I have just ran the EmrEtlRunner locally for the first time just as a test and the full run is taking longer than 1 hour to complete all the job steps on EMR. Is this normal?
What kind of average run time can I except from the runner?
All the best,
The job could run from something like 20 minutes to a few hours. It all depends on
- number of events (log files) to process
- the size of the EMR cluster
What do you mean by “ran the EmrEtlRunner locally”? It’s expected to run on EC2 as it has to access various AWS services.
On rear occasion, the EMR job might get stuck at some task in which case the cluster would have to be terminated manually. That’s really an extreme case though.
Sure, I will eventually run it on EC2 but I ran it locally with AWS credentials which gave it access to the necessary AWS services.
It ran with no errors but took 1hr 10 minutes to complete with only a couple of raw events in the “in” bucket.
I ran the EMR using an m1.small instance.
I vaguely remember reading a note about the EmrEtlRunner mentioning that some of the files need to be in separate S3 buckets (not just separate ‘folders’) otherwise the runner will have problems. Is this true and if so which raw/enriched/shredded files need to be in a separate bucket?
around 1h should be fine, setting up the machine (bootstraping) takes already 5min sometimes and depending on how fast your machines in the cluster are, it can take some time.
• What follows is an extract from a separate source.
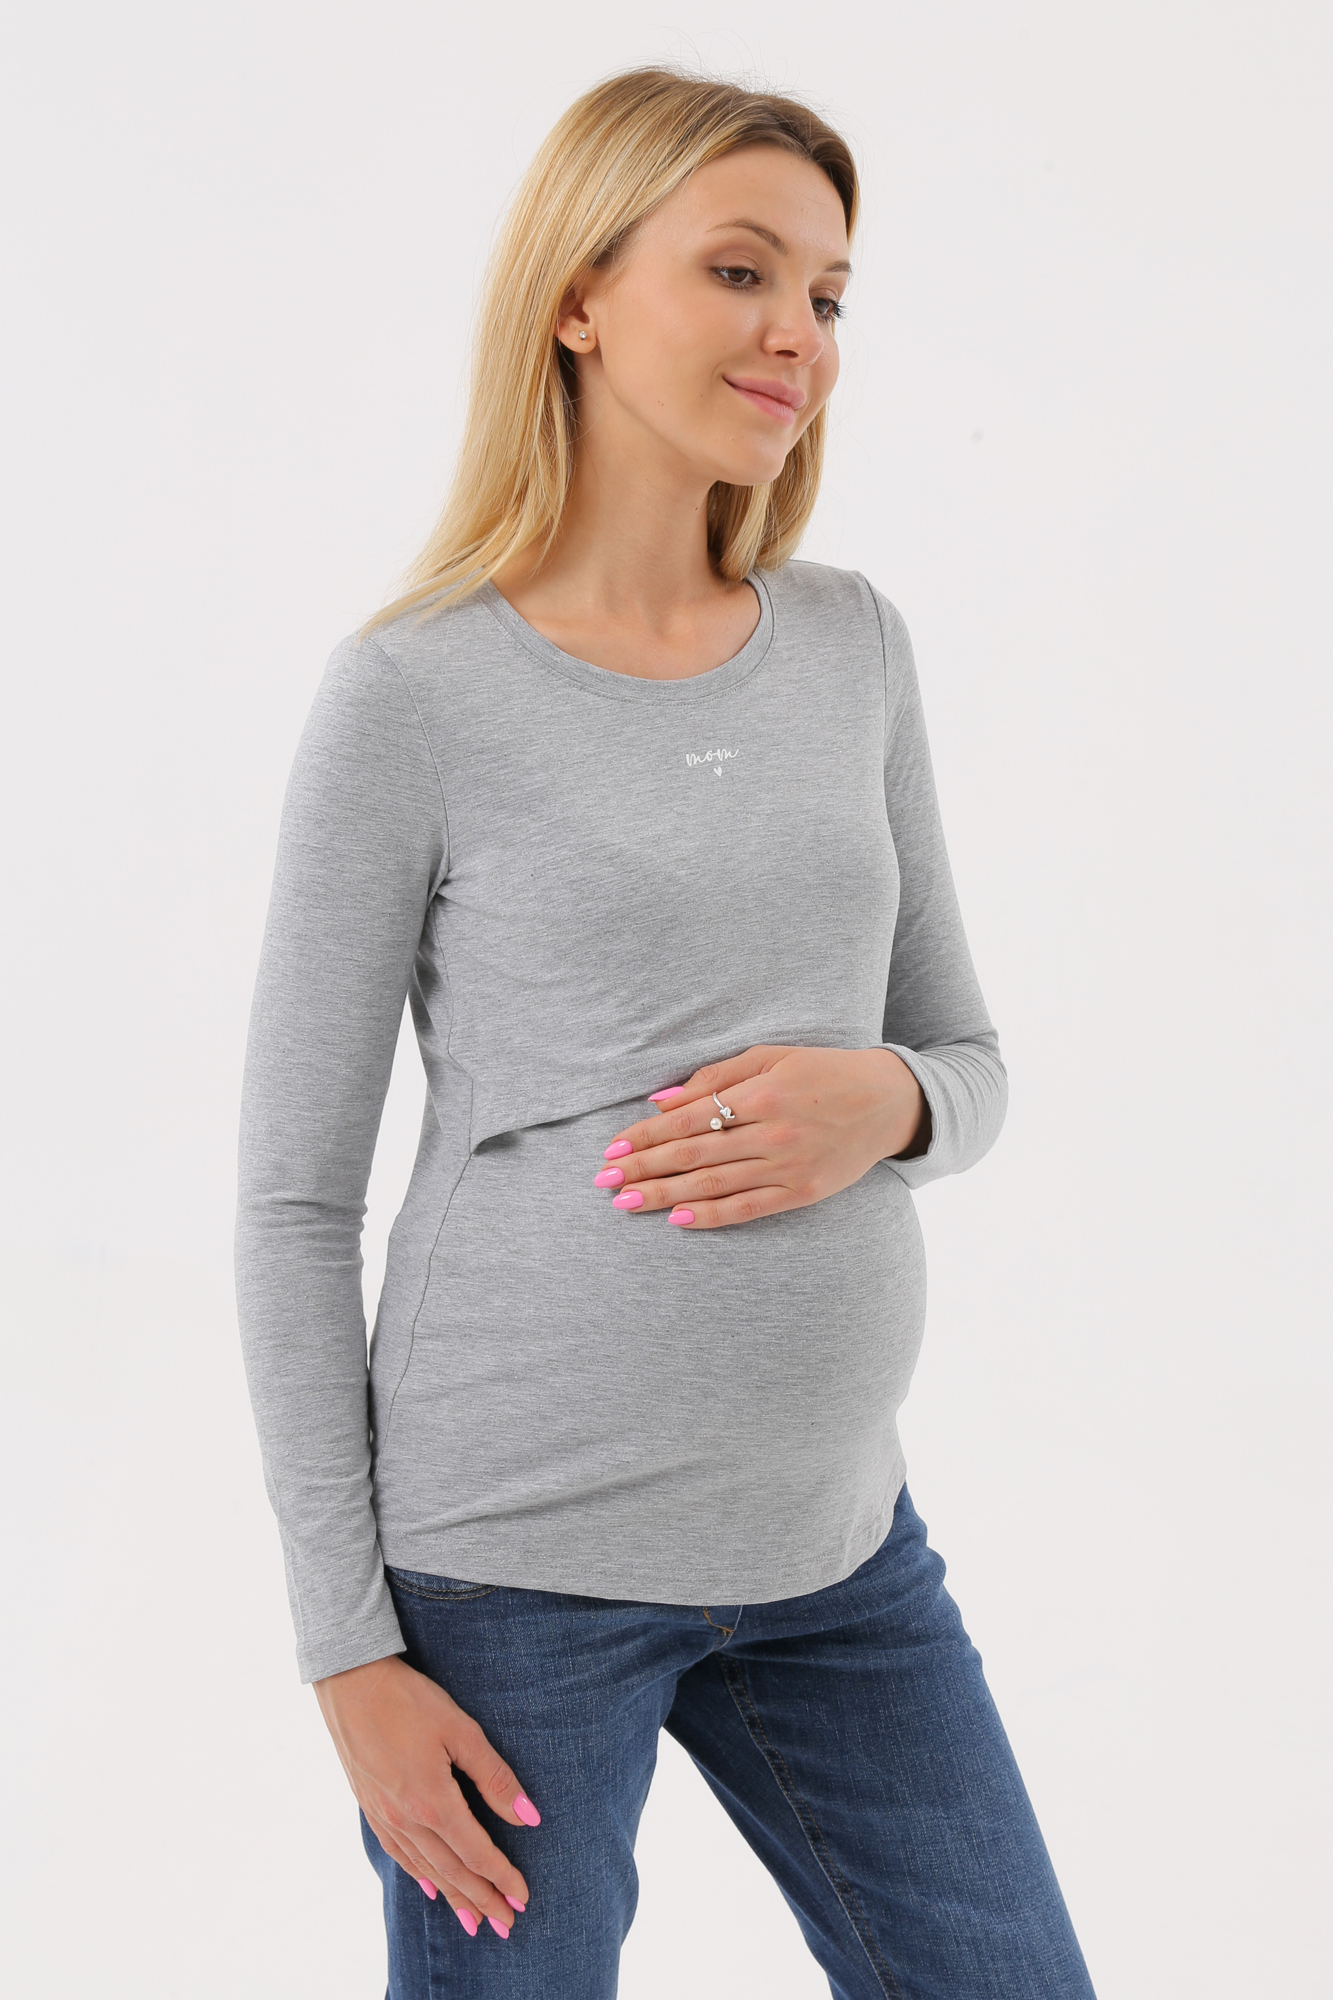 Лонгслив для беременных женский Magica bellezza МВ7038 серый 54 RU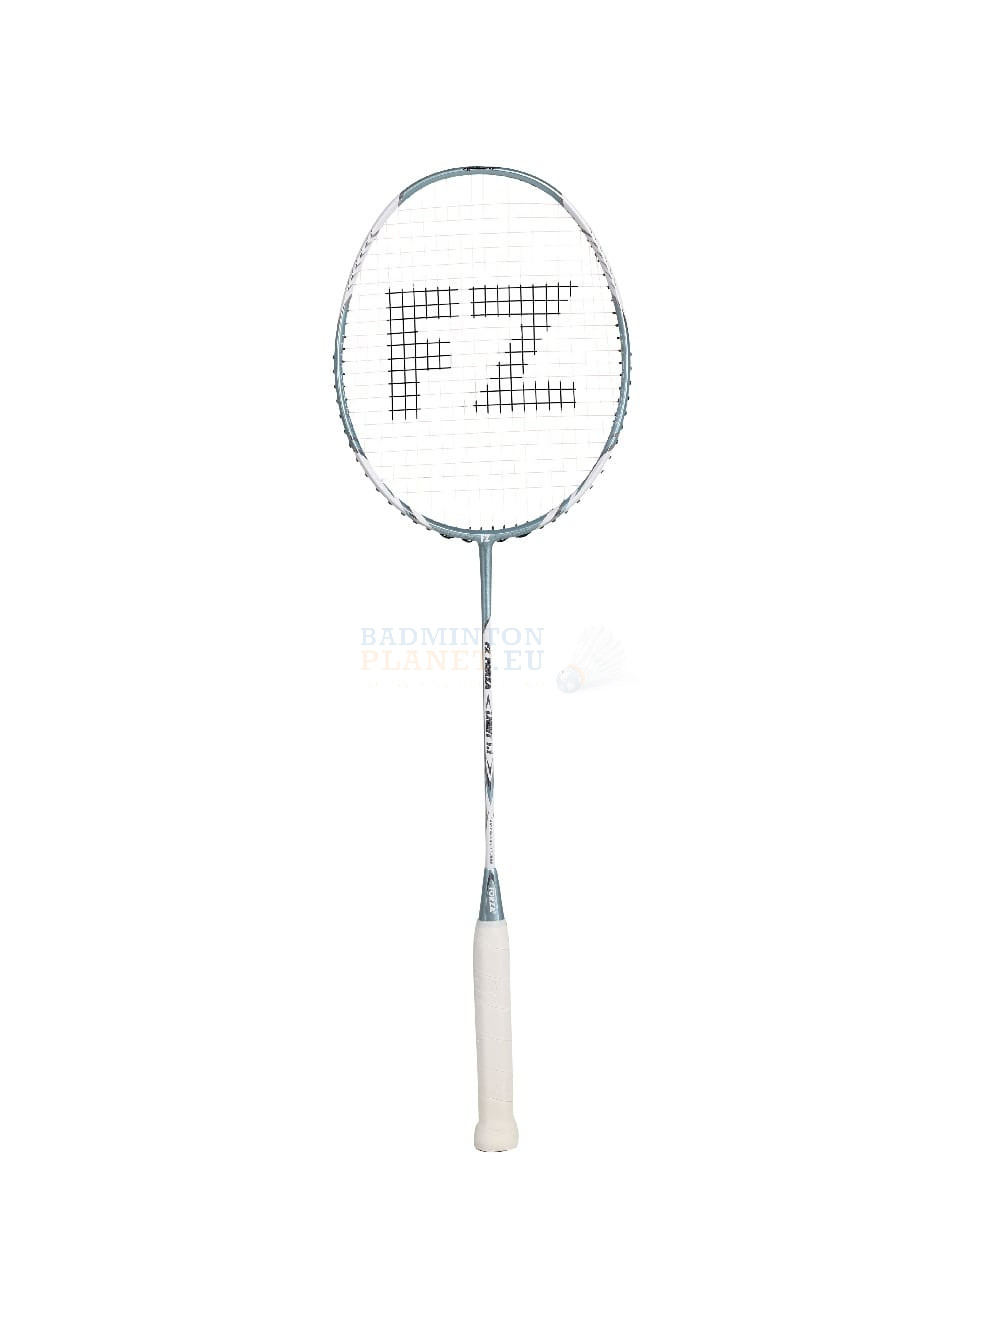 Afbestille morbiditet kapok FZ Forza Light 1.1 Blue badminton racket? - Badmintonplanet.eu

I also think an hour or so should be fine. You can speed it up but using faster instances but this will of course increase cost. It all depends on how fast you want to process the data. If you want to run it hourly I would recommend trying to get EMR under half an hour to allow for the data load.
Another thing to consider is that AWS charges by the hour. So a slower instance is cheaper per hour but if it needs e.g. one hour and ten minutes to complete you’re still paying for two hours.
It requires a bit of trial and error in the beginning and it’s very difficult to accurately predict a run time depending on the number of events. While a larger number of events will take a longer time the custom events can have quite some influence on the time the Shredding step takes.
In regards to your question about the separate buckets, is this what you mean:
do not put your raw:processing inside your raw:in bucket, or your enriched:good inside your raw:processing, or you will create circular references which EmrEtlRunner cannot resolve when moving files.